Добираться оказалось далековато (Кира думала - ближе); но путь стелился хорошо. К кому ни обратись, каждый быстро и толково объяснял, куда двигаться дальше. Так что доехали без приключений.
На малюсеньком полустаночке их встречала Лена (Кира дала ей телеграмму). Супруги увидели её ещё из окна и сразу узнали. Волосы горбуньи были покрыты чёрным платком, и Кира, с больно бьющимся сердцем, схватила её за руку:
- Лена?! Что??!!
- Сегодня ночью умерла, - ответила та, вытирая глаза концом платка.
- Ой! Ой! – застонала-закачалась Кира. Егор обнял её за плечи и гладил по голове.
- Пойдёмте, машина ждёт, - тихо попросила Елена. – До нашей деревни ещё пять вёрст.

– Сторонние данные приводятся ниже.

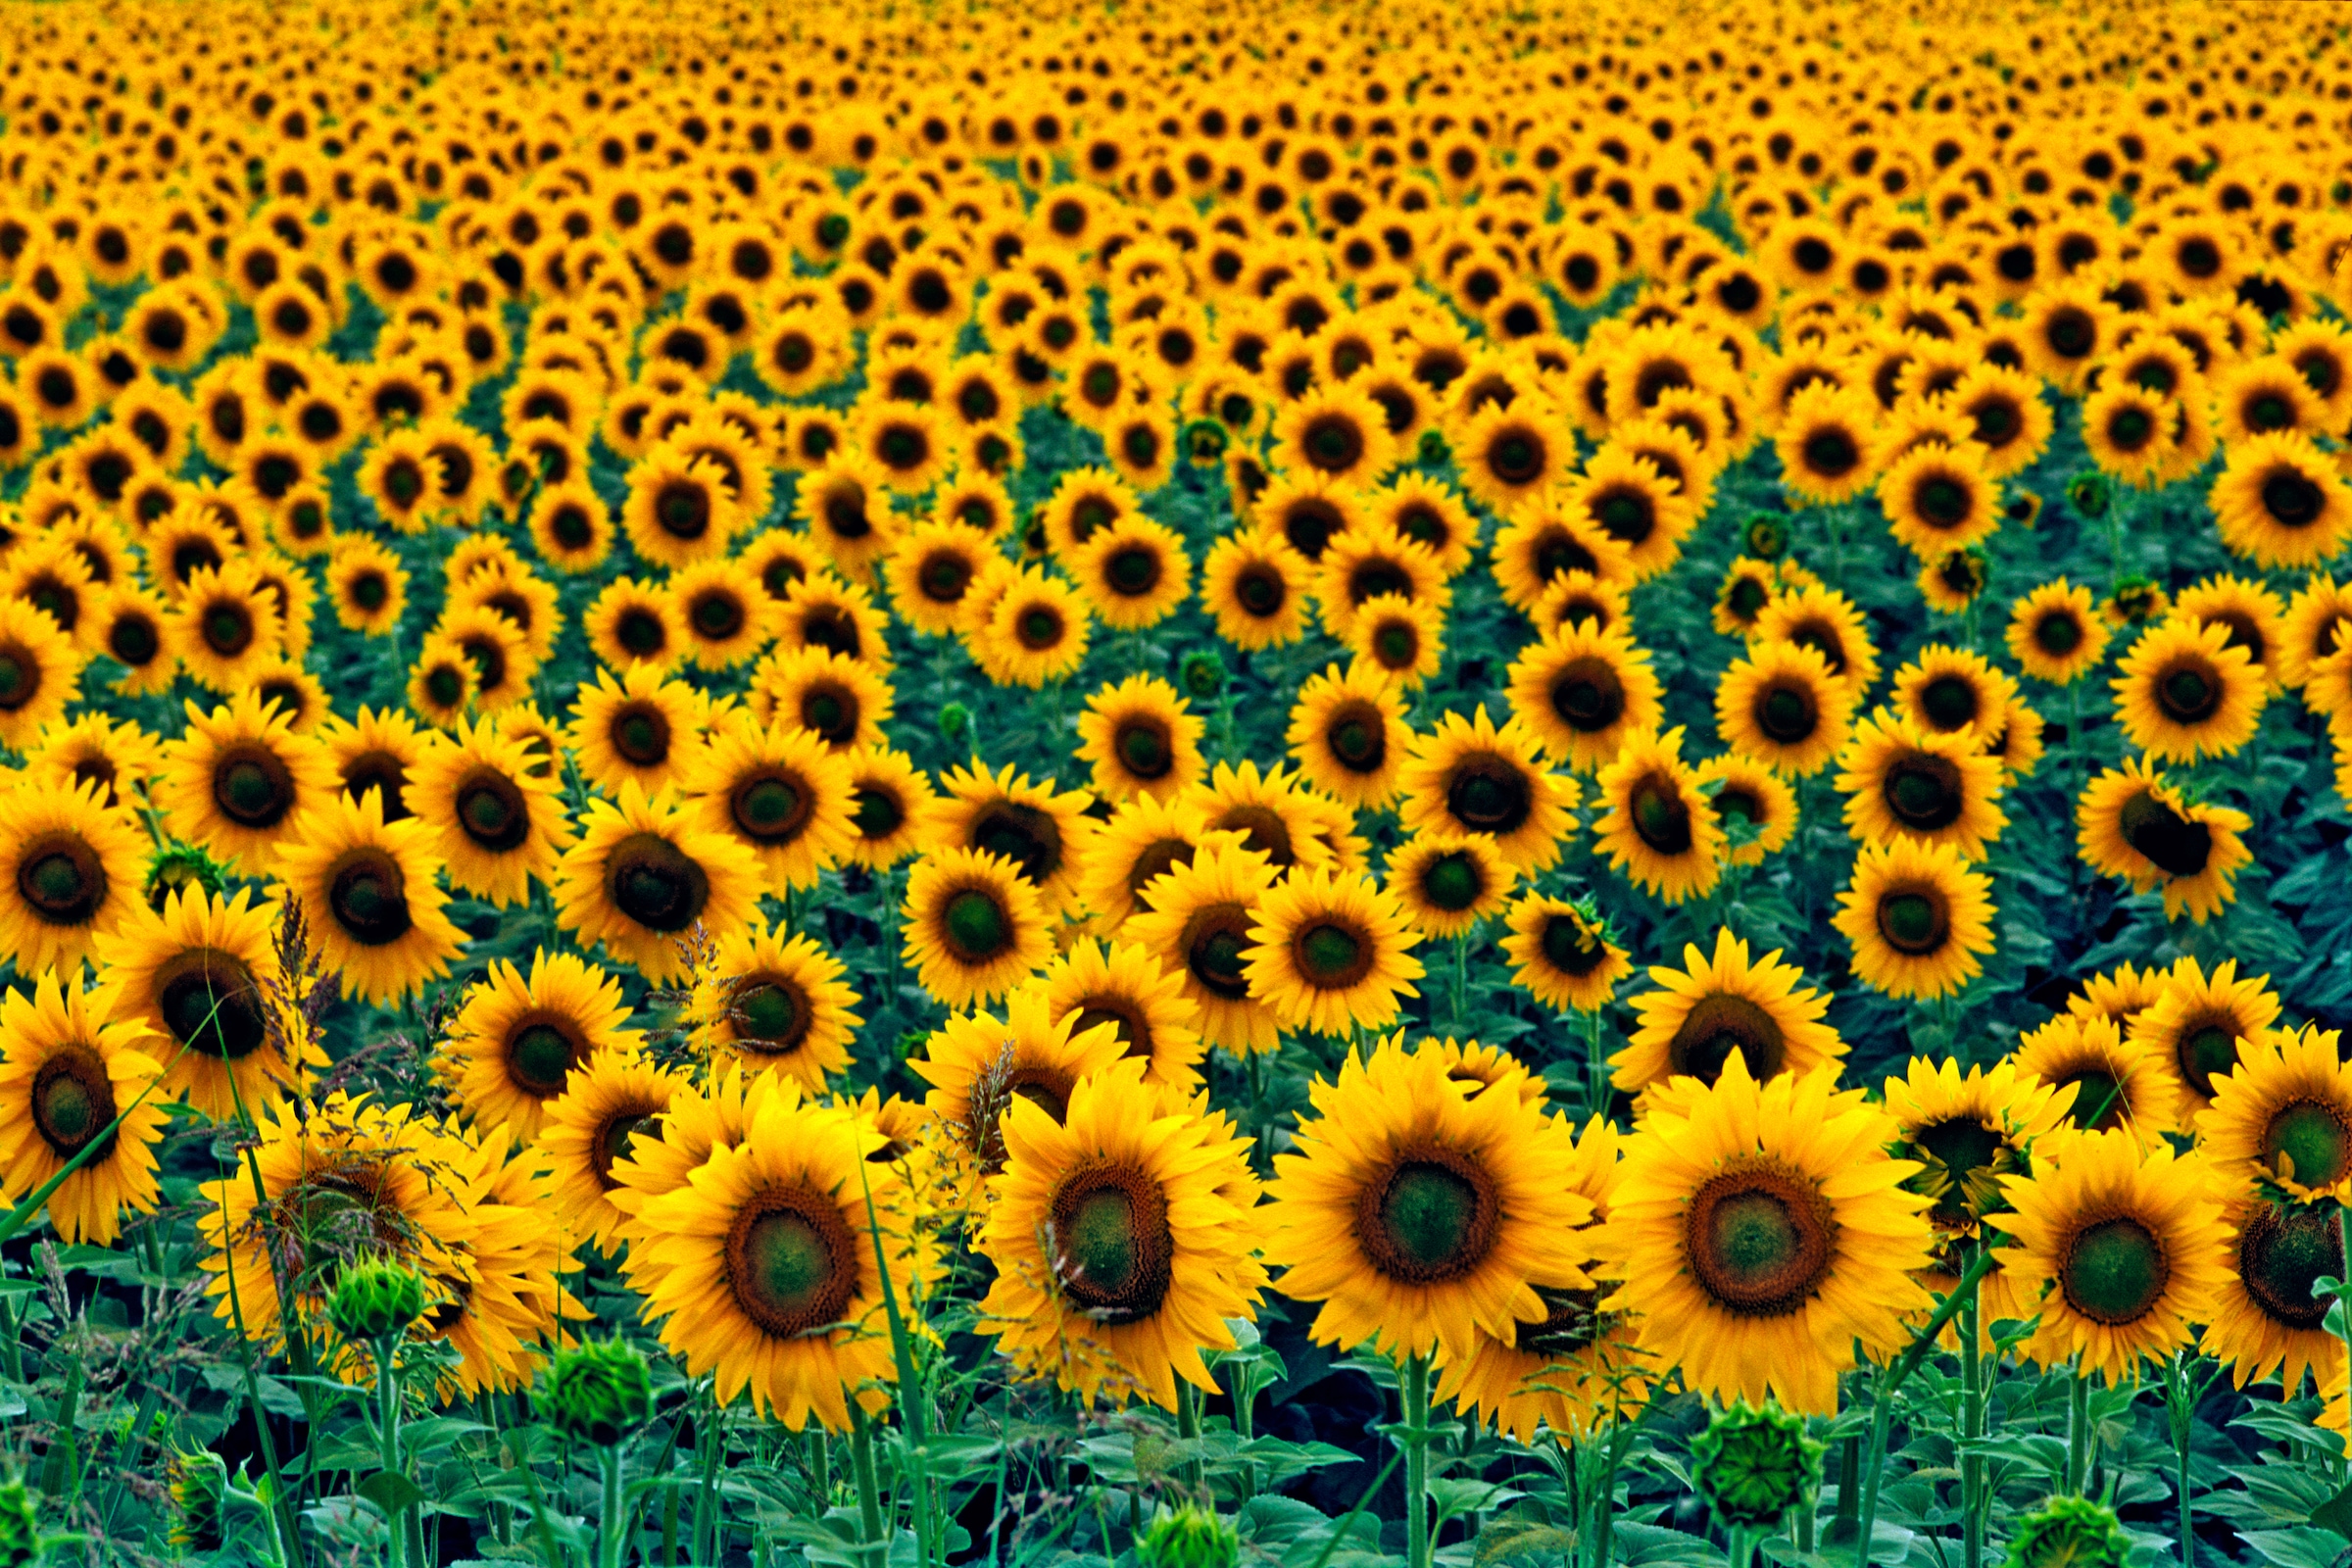 Papermoon Fototapete »Field of Sunflowers«

Они долго тряслись по ухабистой просёлочной дороге, и Егор с опаской, но молча, всё поглядывал на Кирин живот. Наконец добрались.
У меня остановитесь, - решительно сказала Елена, вылезая из машины.
- Нет, нет, давайте к ней пойдём! – снова заплакала Кира.
- Завтра пойдём, - успокоила Елена. – Сегодня – не надо. Пусть её обмоют-обрядят как следует. И всенощную над ней сегодня должны отчитать. Завтра, завтра пойдём, - пообещала она ещё раз.
Дом Елены оказался на другом конце деревни, далеко от избы бабы Маши. У Елены они долго и тихо ужинали; Кира всё время плакала. Муж её успокаивал, а Елена строго сказала:
- Нельзя так, возьми себя в руки. Это для девочки плохо.
- Для какой девочки? – удивилась, всхлипывая, Кира.
- Для твоей. Дочка у вас родится; так баба Маша сказала, - объяснила Елена.
Дочка, значит… И неизвестно, то ли от удивления, то ли от новости, - но Кира действительно попритихла, а душевная боль не то что ушла, а как-то притупилась, как будто нашла себе уголок-каморку где-то глубоко в сердце да и затаилась там. После ужина Елена стала мыть посуду, а Кира – помогать ей.
Егор Степанович ушёл с Колюней в его комнатку, и они там начали что-то тихонько мастерить.
- Эх, нет у моего парня отца, - вздохнула Елена.